We can observe that our model accuracy in test data is best for Max leaf nodes of 2.

In [None]:
gbm_model = GradientBoostingClassifier(max_leaf_nodes = 2, random_state = 1)
gbm_model.fit(x_train,y_train)
train_predictions = gbm_model.predict(x_train)
test_predictions = gbm_model.predict(x_test)
model_performance = model_performance.append(pd.DataFrame([[ 'Gradient Boosting Classifier', 
                                    round(accuracy_score(y_train, train_predictions)*100,2),
                                    round(accuracy_score(y_test, test_predictions)*100,2)]],
                                   columns = ['Model', 'Train_Accuracy', 'Test_Accuracy']), ignore_index = True)
print(model_performance)
# Plotting the ROC Curve
fpr,tpr,threshols=roc_curve(y_test,random_forest_model.predict_proba(x_test)[:,1])
plt.plot([0,1],[0,1],"k--",'r+')
plt.plot(fpr,tpr,label="Gradient Boosting")
plt.xlabel("False Positive Rate")
plt.ylabel("True Positive Rate")
plt.title("Gradient Boosting ROC Curve")
plt.show()

Gradient Boosting Classifier shows good performance, but Random Forest Classifier has a better test accuracy. Let's build an XGBoost model now.

# 7. Conclusion

In [None]:
full_predictions = random_forest_model.predict(x_full)
print( "Accuracy Score: %.2f " % (round(accuracy_score(y_full, full_predictions)*100,2)))

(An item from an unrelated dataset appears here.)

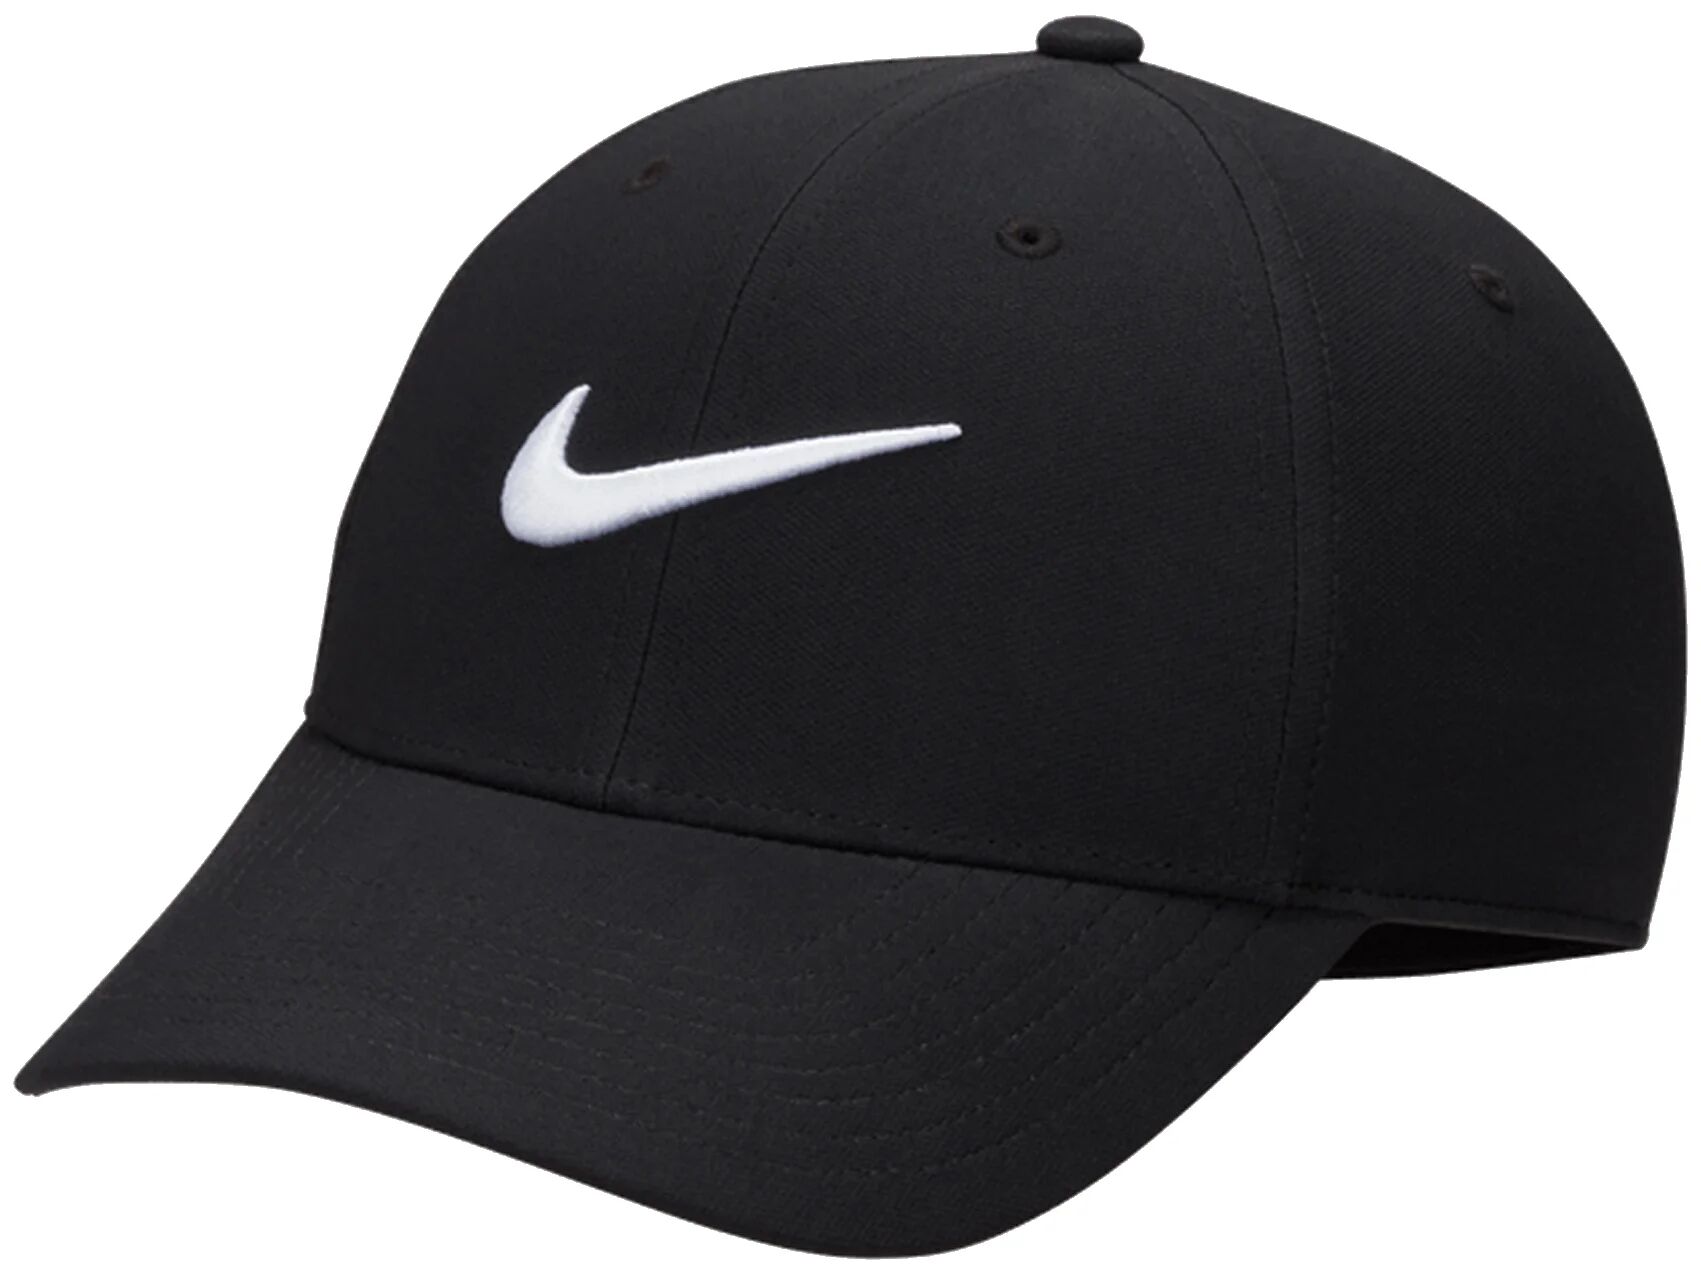 Nike Dri-FIT Club Structured Swoosh Men's Golf Hat - Black, Size: Small/Medium

# Plotting confusion matrix
plot_confusion_matrix(random_forest_model,
                      x_full, 
                      y_full,
                      cmap=plt.cm.Blues,
                      normalize= 'true')


Our final model is Random Forest Classifier. It shows an accuracy of 83.5% with the full data.